The company indulging in CSR activities shall establish a monitoring mechanism to ensure that the allocated CSR corpus is spent for the intended purpose only.

Approval of the CSR Policy and Format of Annual CSR Report: The Board of every company undertaking CSR programmes shall, after taking into account the recommendations made by the CSR Committee, approve the CSR Policy for the company. The Board report would prepare an annual report (‘Report’) of CSR policy. The Report would outline the CSR policy and the ethos of the company and would include a website link of the CSR policy. Additionally, the details as to average net profits of three preceding financial year and threshold limit of this amount i.e. two percent and the details of the expenditure done in a year in CSR are required to be mentioned in the Report.
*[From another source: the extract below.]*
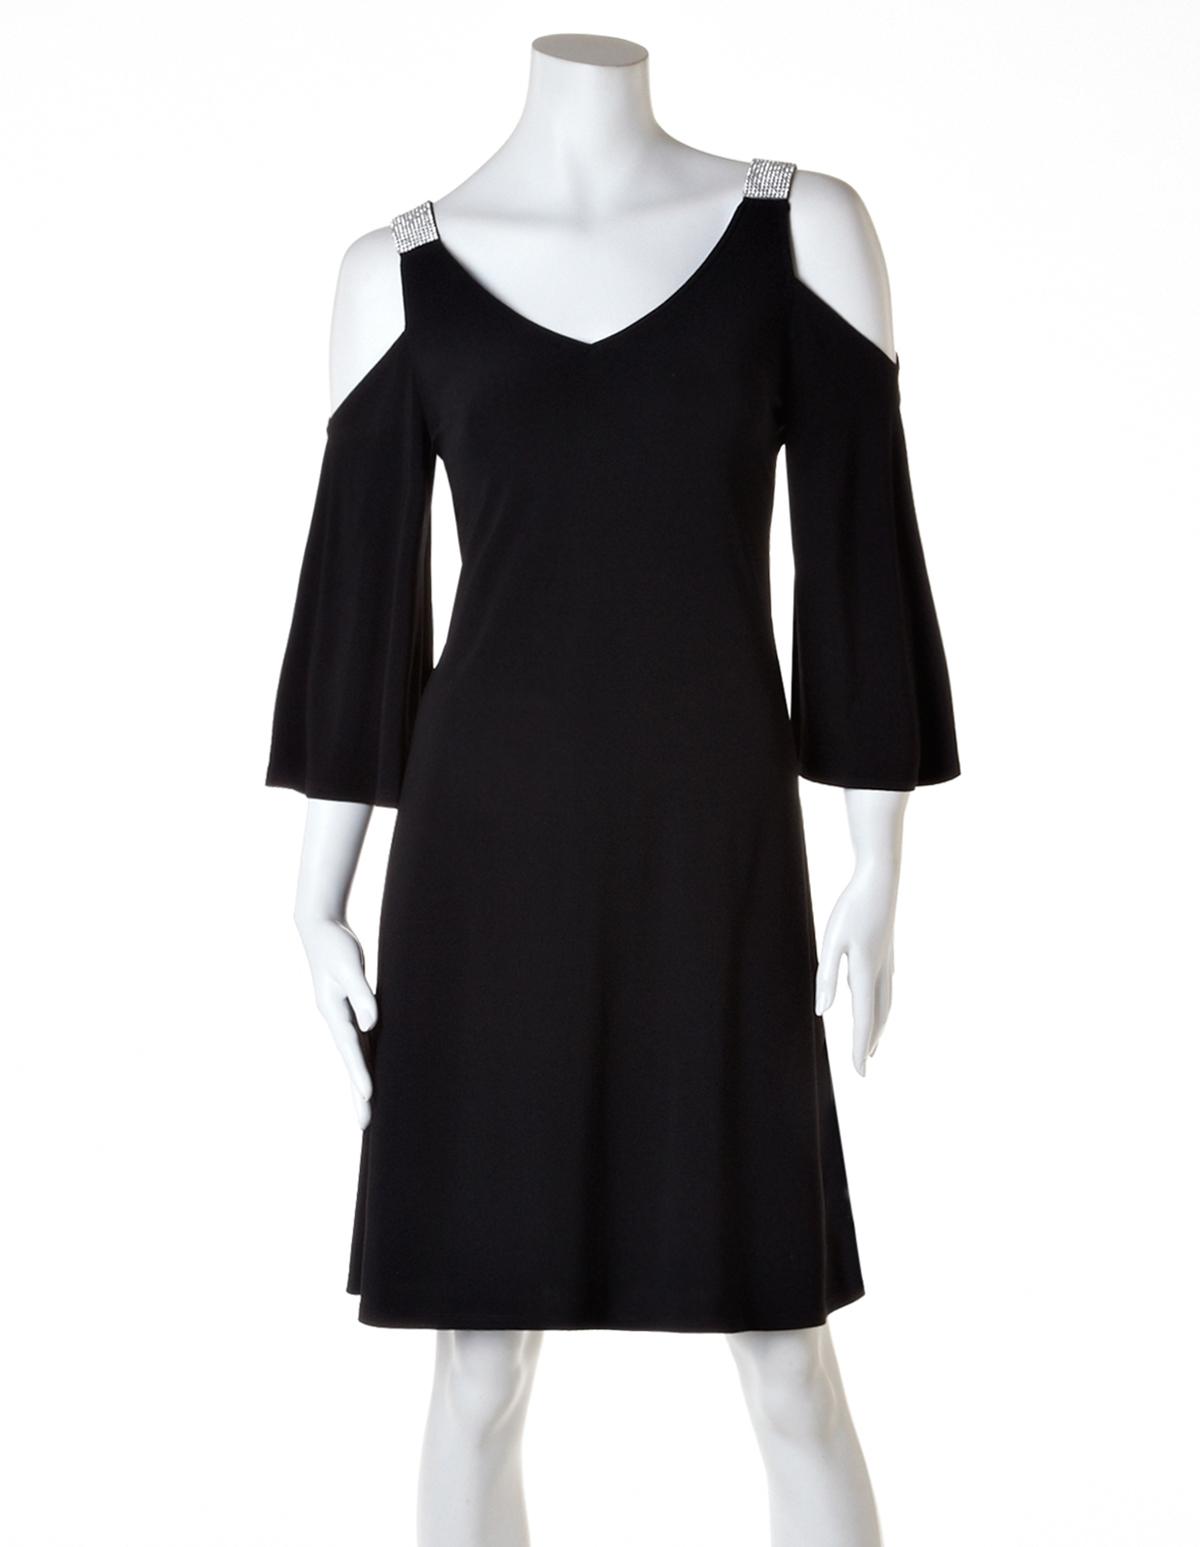 d4ef2105b135c Peak-A-Boo A-Line Dress, Black, hi-res

If a company fails to spend such amount, the Board shall specify the reasons for not spending the amount in the Report.

Execution of CSR Policy through Non-Profit Organisations: A company may also implement its CSR programmes through non-profit organisations, such as trust, or company incorporated under Section 8 of the Act (not for profit company), or society, or foundation, or any other entity operating within India. These bodies are just required to specify the CSR programmes being undertaking by them and establish a monitoring mechanism to ensure that their spending is for the designated purpose. Generally, only such CSR activities will be taken into consideration which are undertaken within India and are not exclusively for the benefit of the employees of the company or their family members.

Undoubtedly, conducting of CSR activities through the provisions of the Act is a welcome step towards making companies socially sensitive and returning benefits to society. In times to come, it is expected that the legislators would consider making appropriate amendment(s) in the law to provide penal consequences for non-compliances of CSR provisions.